══ GIVEN MATERIAL

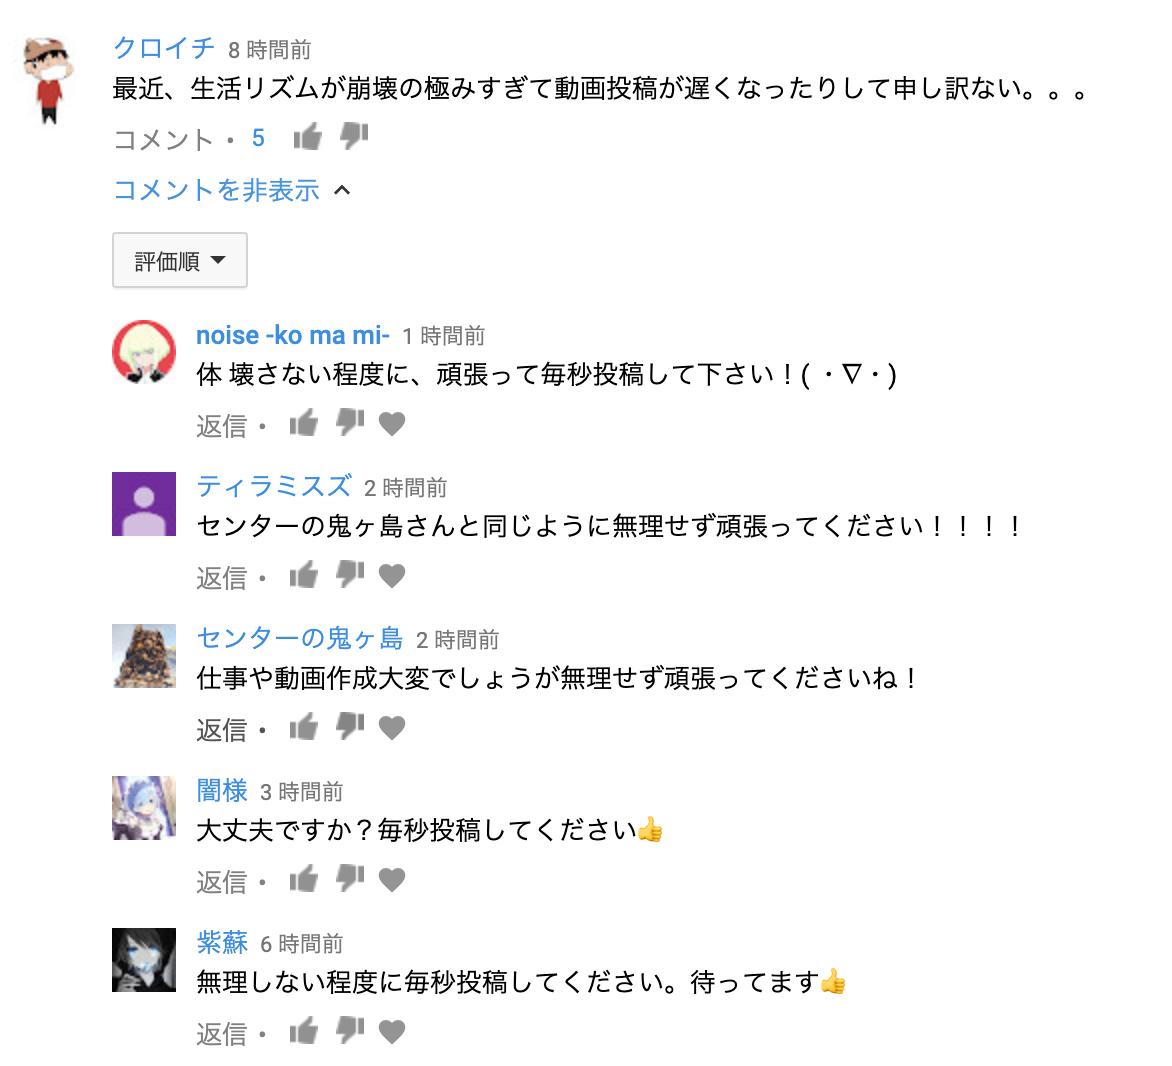 f:id:kuroichi-201:20190710093739p:plain
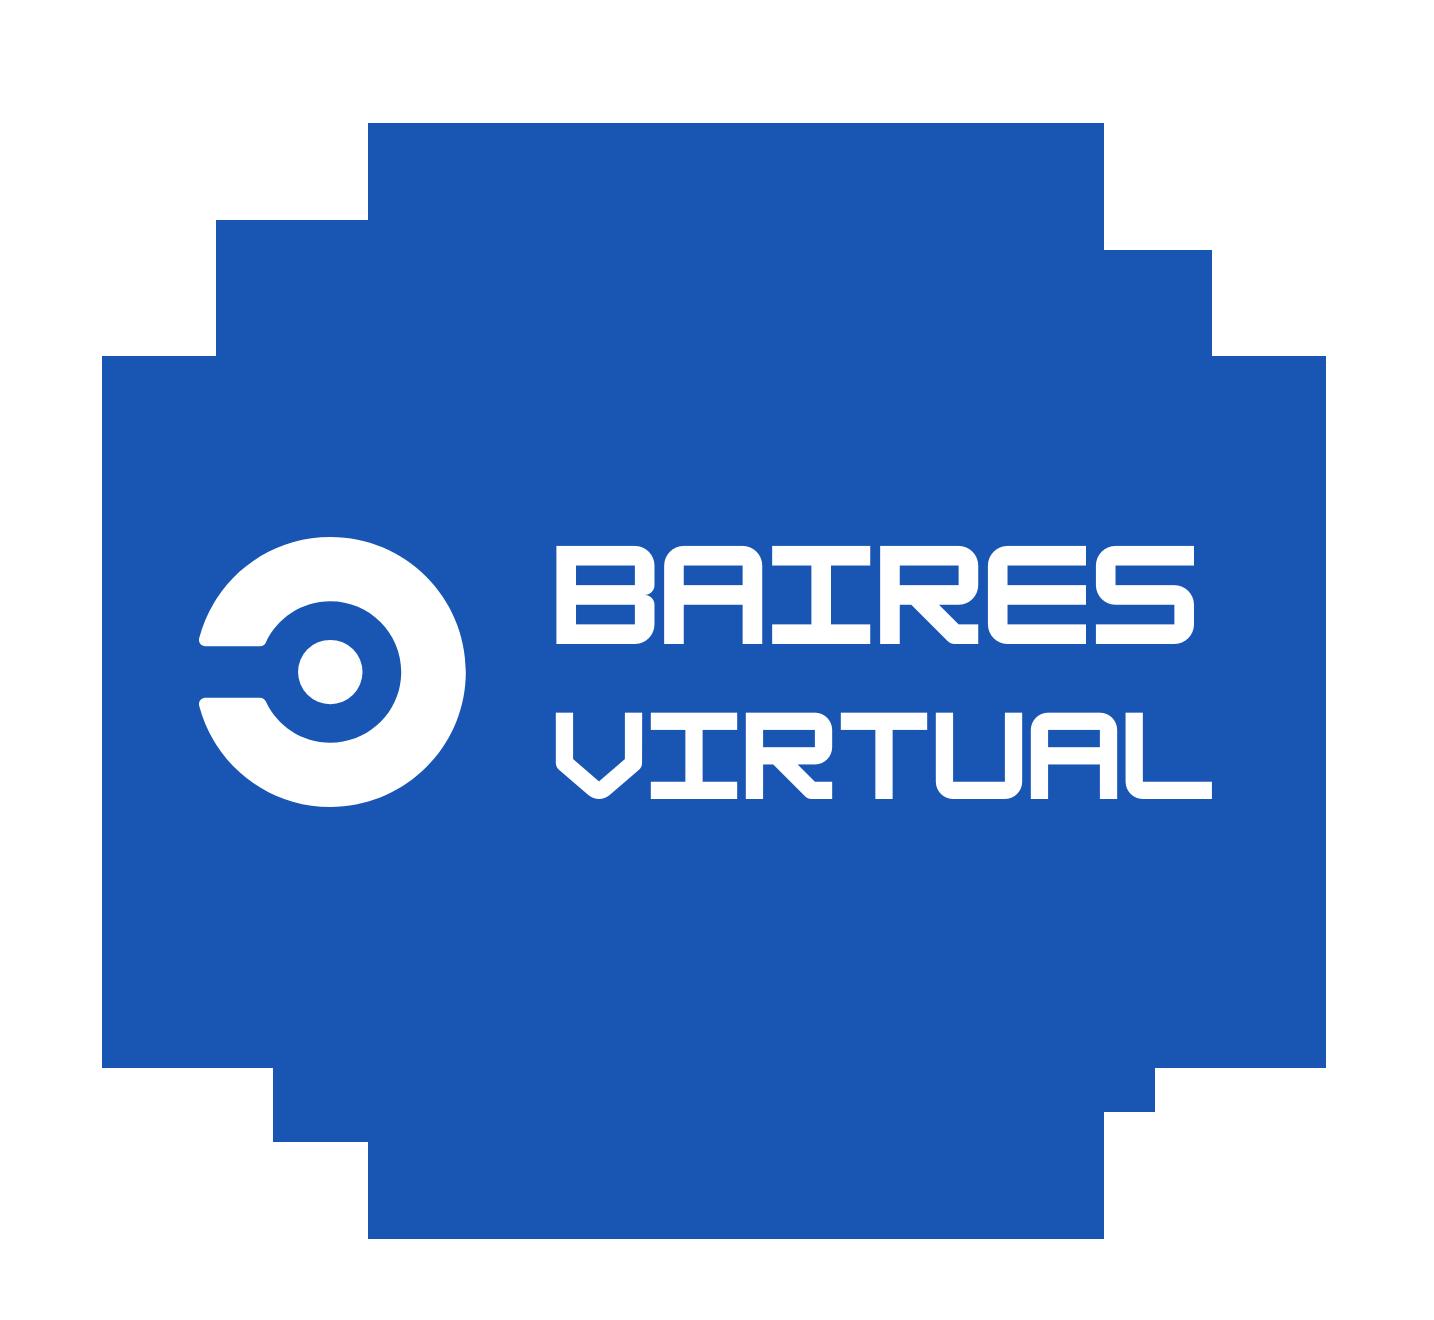 bairesvirtual
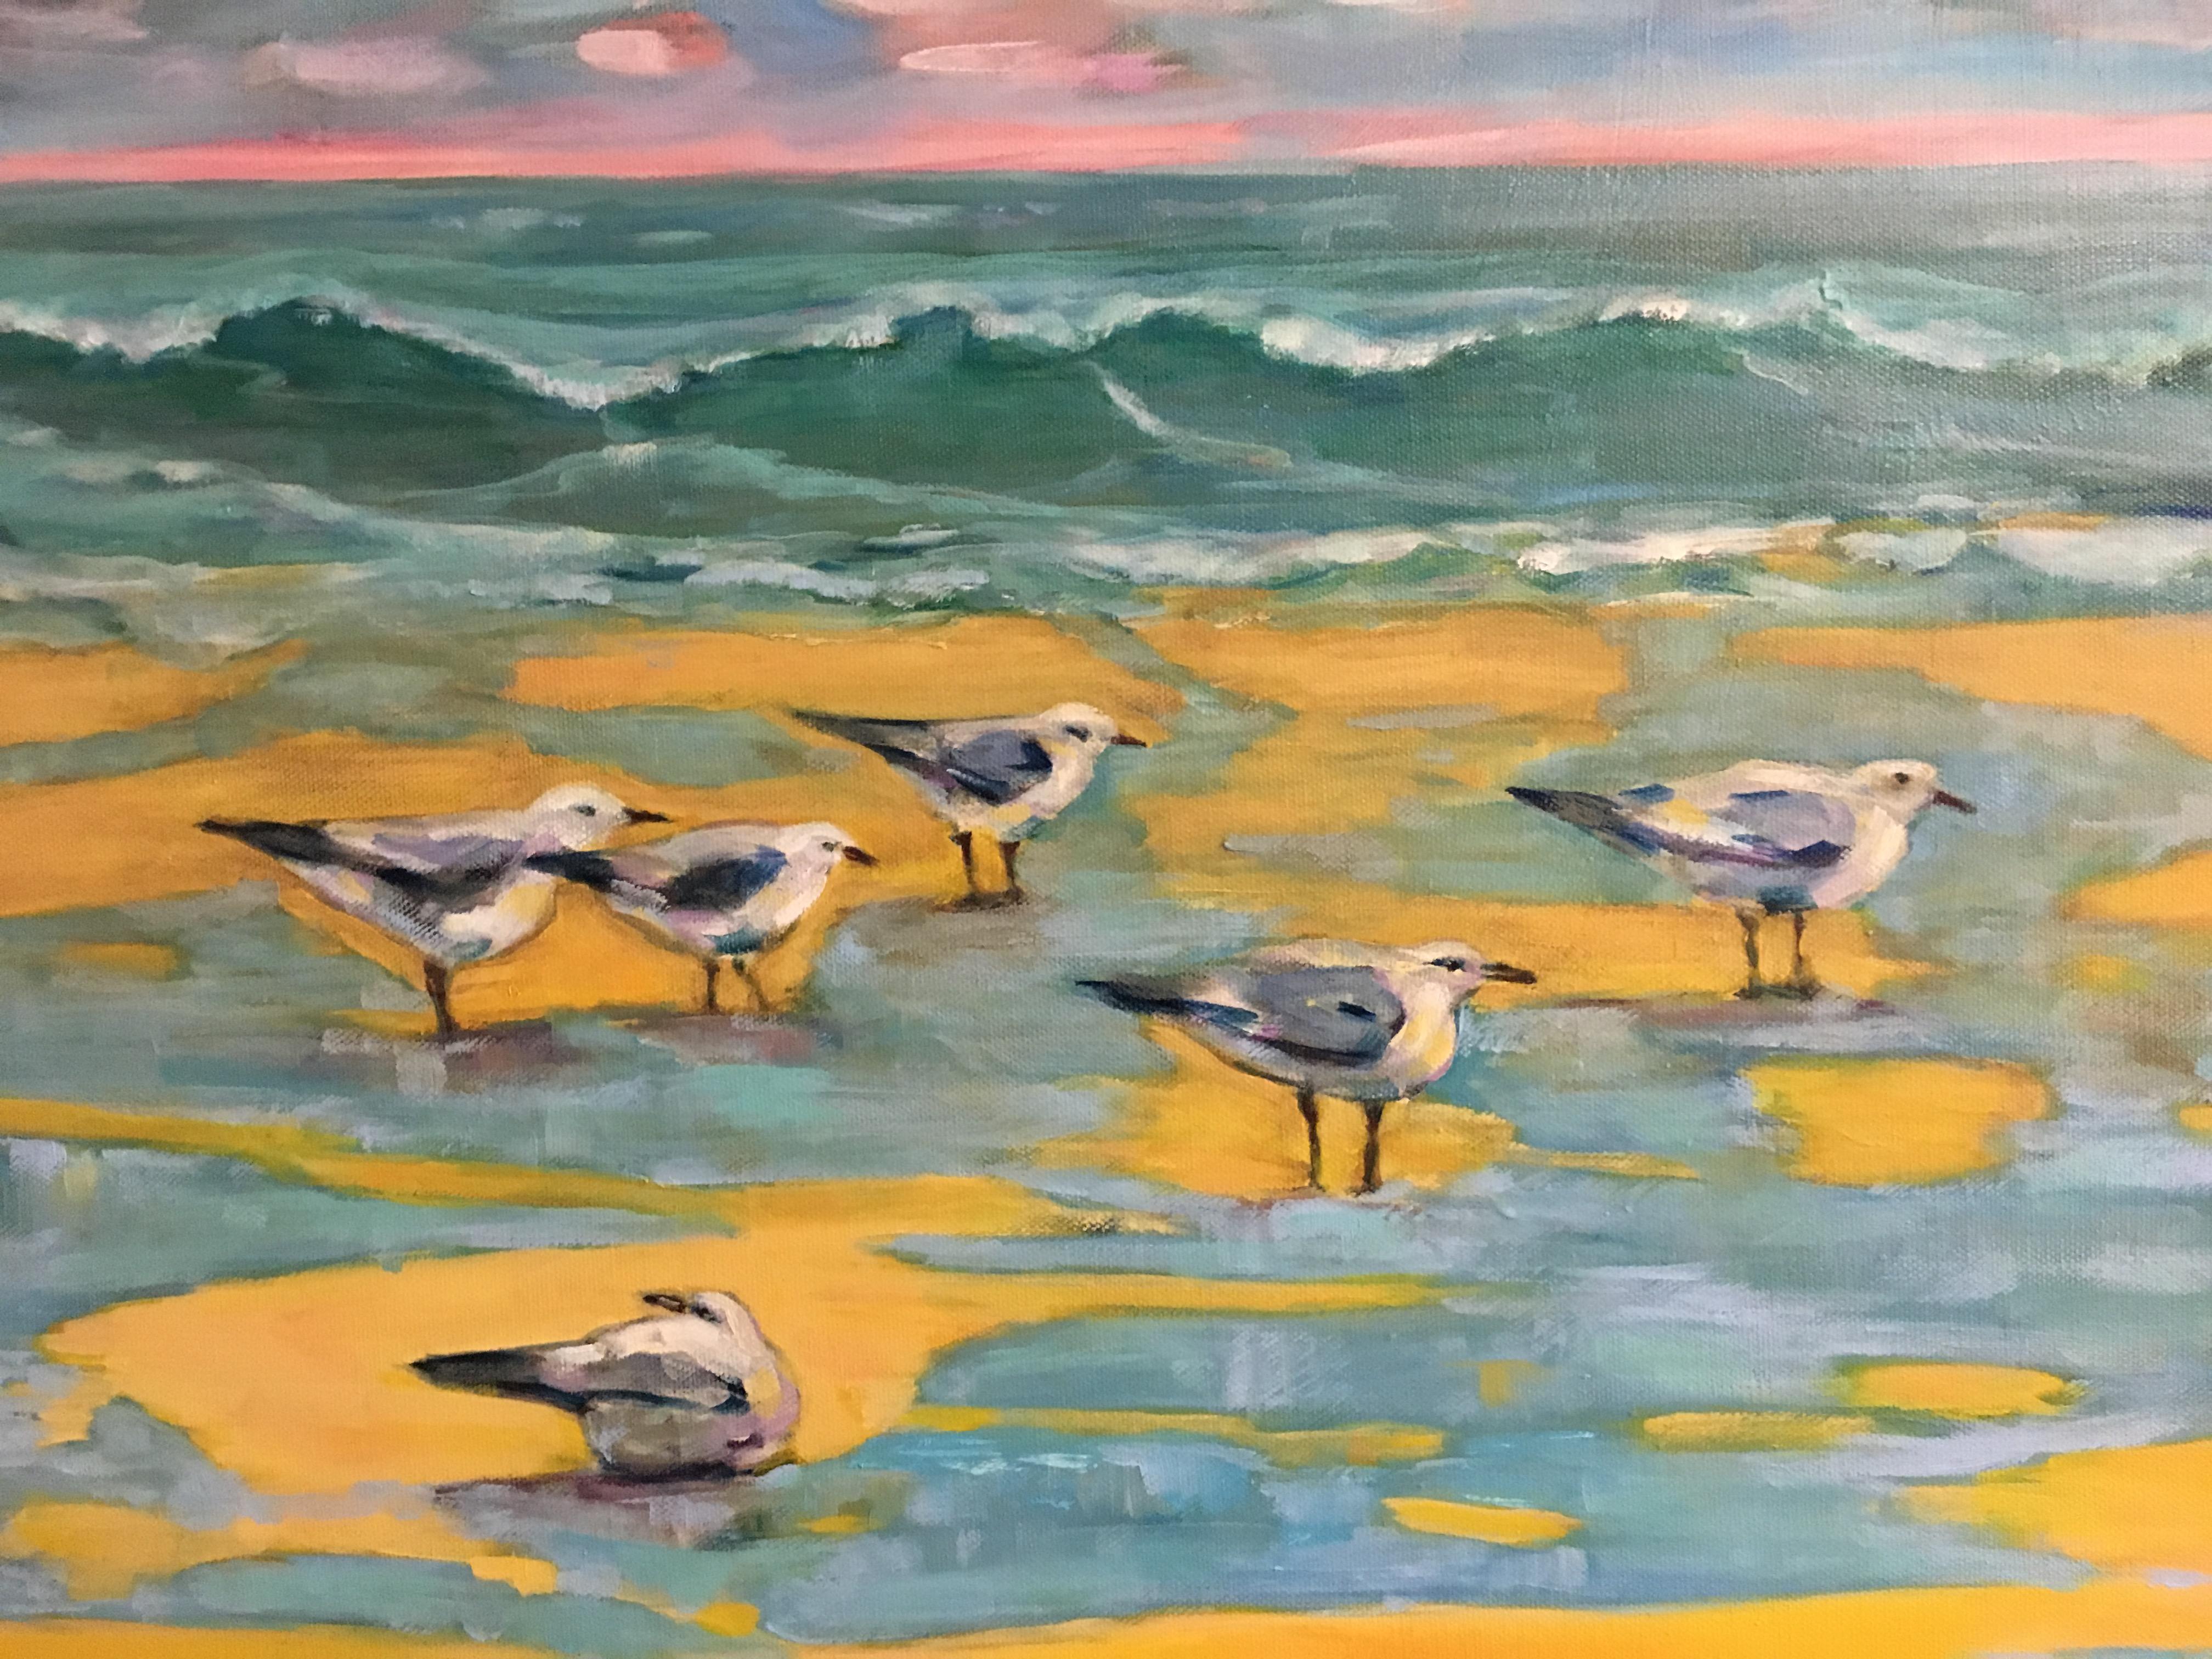 Gulls, herring gulls, water, seascape, lake, storm, oil, painting

════

WORK REQUIRED: The material above must be reproduced line for line, with the images omitted.

RESULT:
 f:id:kuroichi-201:20190710093739p:plain
 bairesvirtual
 Gulls, herring gulls, water, seascape, lake, storm, oil, painting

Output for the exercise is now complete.